All contrasting experiments are measured as the average local storage hit ratio (LSHR) which represents the average response speed of all servers, where local storage data include dynamic replicas and static replicas which can be obtained with a smaller access cost than that of obtaining data from remote storage nodes by network.

Meanwhile, the contrasting experiments will be made among pure active dynamic copy (ADC) strategies (such as DCST²⁴ and STAP²⁸ algorithms), pure passive dynamic copy (PDC) strategy (such as least recently used (LRU) which is widely used by distributed GIS¹⁶), pure static copies and data placement (SCP) strategies (such as DCCP algorithm²⁹), and DSP strategy which is proposed in this article. ADC and PDC algorithms will store all data in all storage nodes randomly and then ADC will obtain and store dynamic replicas in high-speed cache according to the behaviors of the users, but PDC will only save the currently accessed data and never prefetch data from storage nodes proactively. SCP algorithm will store related data in different storage nodes in advance and then obtain data from local storage node or remote storage nodes based on their locations. SCP algorithm will never use dynamic replicas. DSP will also store related data in different storage nodes and then synchronously predict and obtain dynamic replicas from storage node in advance when a certain data are being requested. Due to the limited cache buffer size, all ADC, PDC, and DSP methods will use LRU strategy to delete data from high-speed cache buffer so as to save cache space.
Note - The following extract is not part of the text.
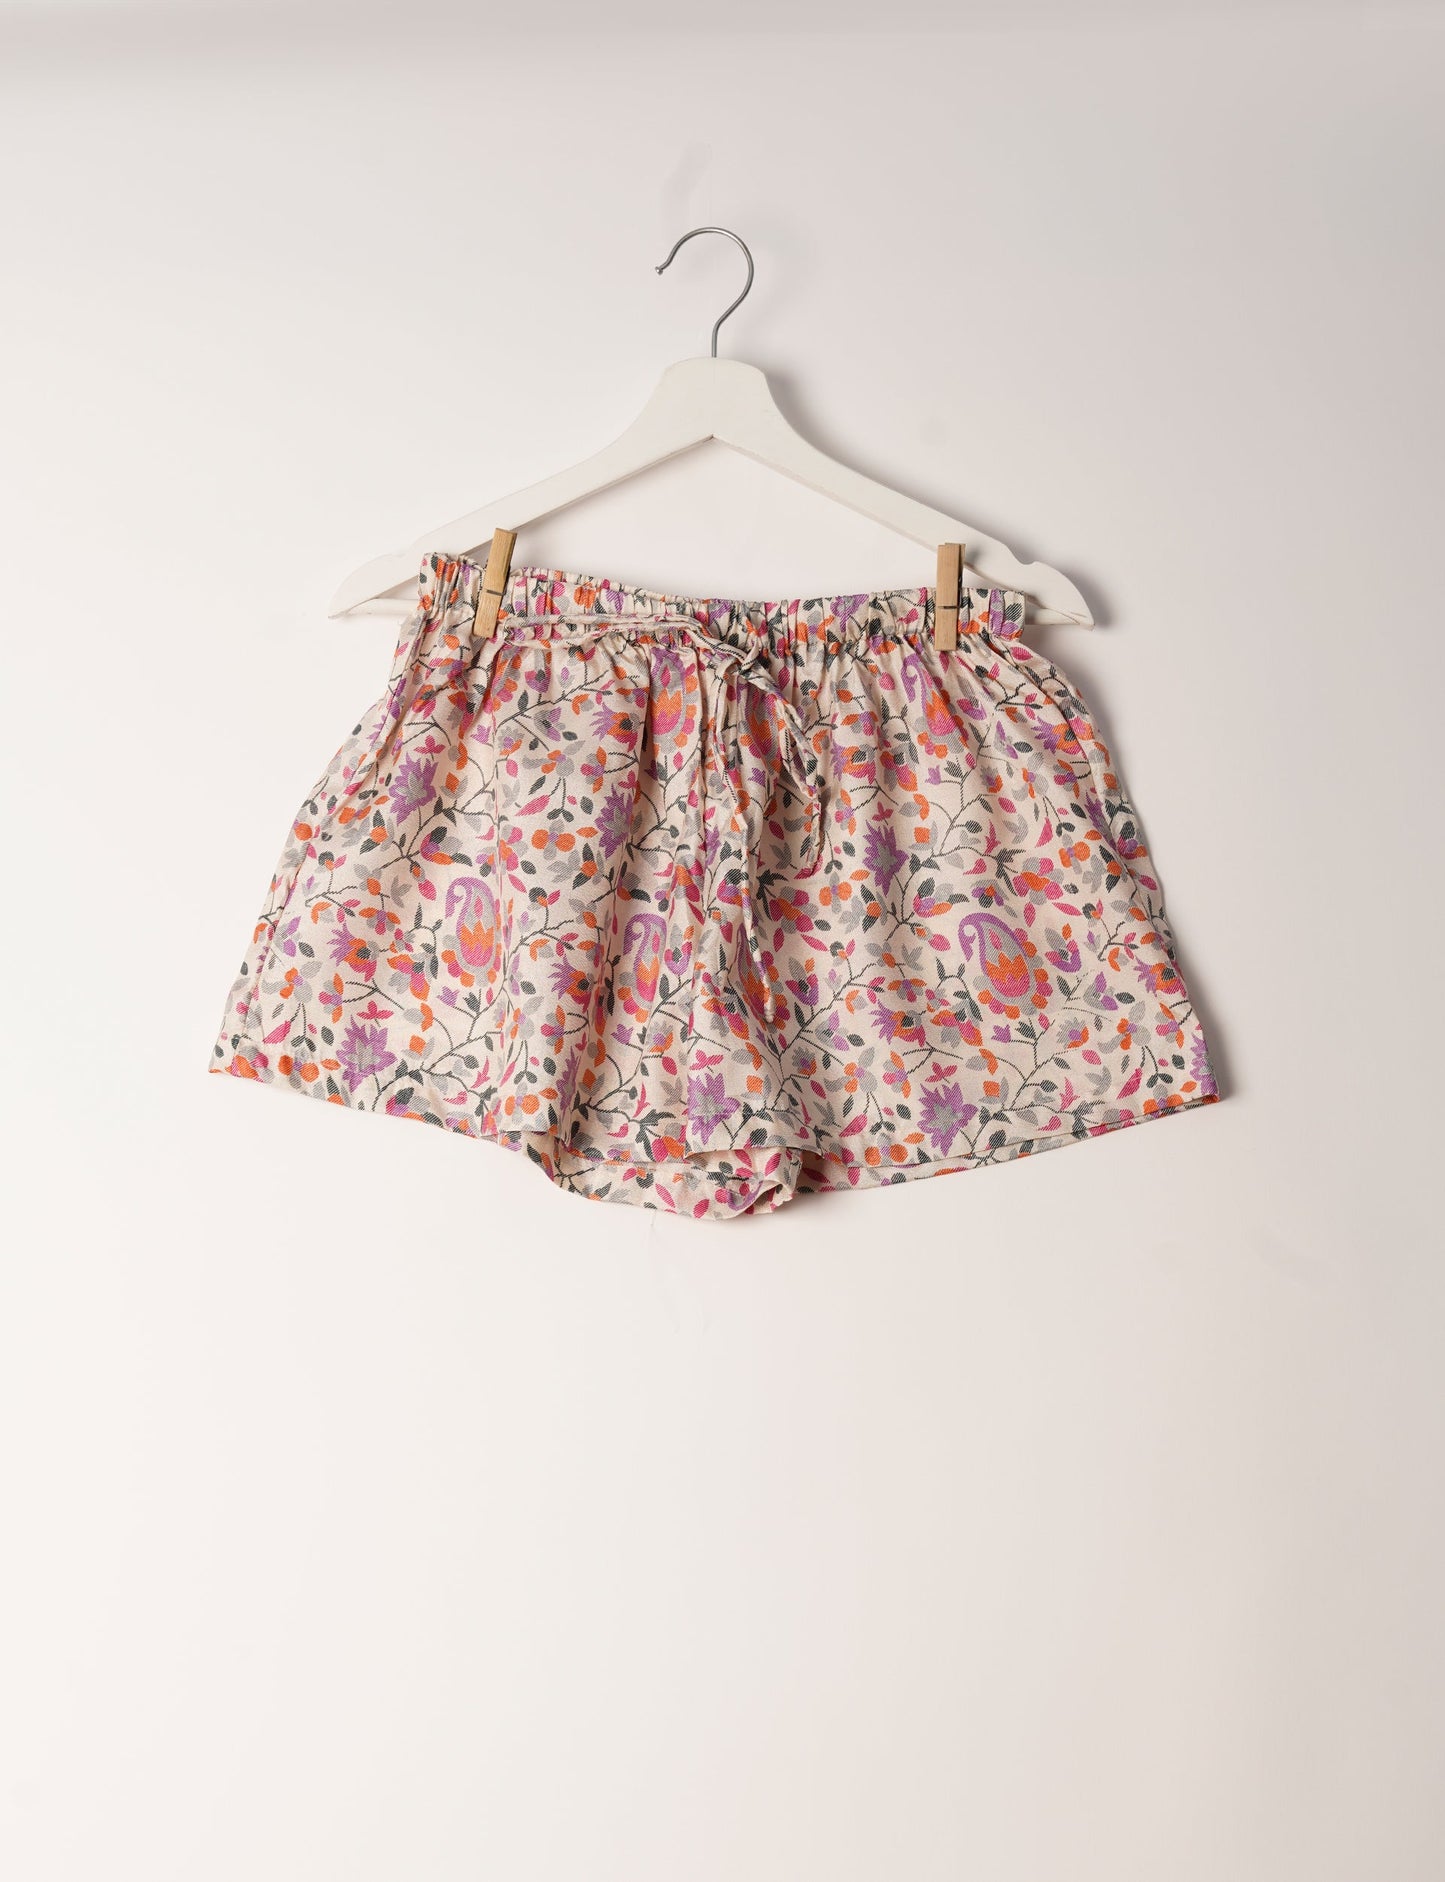 Sleep in eco-friendly luxury with our PJ Set Short. Made for the conscious consumer, these pajamas contribute to zero waste and sustainable practices. The cami top, adorned with delicate eyelash lace and cut on the bias, pairs seamlessly with the comfy shorts featuring an elasticated waist and drawstring tie.

Experimental results and discussion

To illustrate the performance of the proposed algorithm considering both static replication strategy and dynamic replication strategy as well as RP strategy, some contrasting experiments are conducted among SCP, PDC, DSP, and ADC, and all of them are scheduled based on their own strategies.

First, Figure 1 gives the contrasting performance of SCP, PDC, DSP, and ADC, measured as the average LSHR, where the number of servers is 10, the dynamic replication ratio of hotspot data is 12%, and the static replication ratio of hotspot data is 10%. In this experiment, all users’ requests to data are distributed to all servers evenly and each server will independently check whether the being requested data were stored in local storage node or high-speed cache and then the average LSHR for all servers can be calculated during each minute.

Figure 1.

Comparative LSHRs obtained from different replication algorithms.

Also, their average LSHR and average response time can be calculated and are shown in Table 2, where the size of each SRTM90 data is about 44 kB.

Table 2.

Comparative performance of different replication algorithms.

Algorithms	SCP	PDC	DSP	ADC
LSHRs (%)	44.27	34.01	49.39	42.15
Response time (ms)	2.187	2.317	1.815	2.033

SCP: strategy based on correlated pattern; PDC: passive dynamic copy; DSP: dynamic replica selection and replica placement strategy; ADC: active dynamic copy; LSHR: local storage hit ratio.

As shown in Figure 1 and Table 2, the performance of all algorithms can remain stable throughout the experiment, DSP can achieve a better performance, and the performance of LSHR is higher about 11.55%–45.22% than the others due to the contributions of RS strategy and RP strategy. Also, the average response time can be reduced to about 11.98%–27.63%.

In this case, PDC obtained the lowest performance due to its single data placement strategy and could not meet the requirement of short-term bursty characteristics of distributed GIS. Also, SCP and ADC can achieve almost the same performance in this situation and their performance difference is less than 5.03%, because the static replicas and data placement strategy which are used by SCP can find most of the data which will be requested repeatedly when replication ratio is very small, and at the same time, the dynamic replication strategy which is used by ADC is difficult to decide which data should be stored in high-speed cache due to the small cache buffer size.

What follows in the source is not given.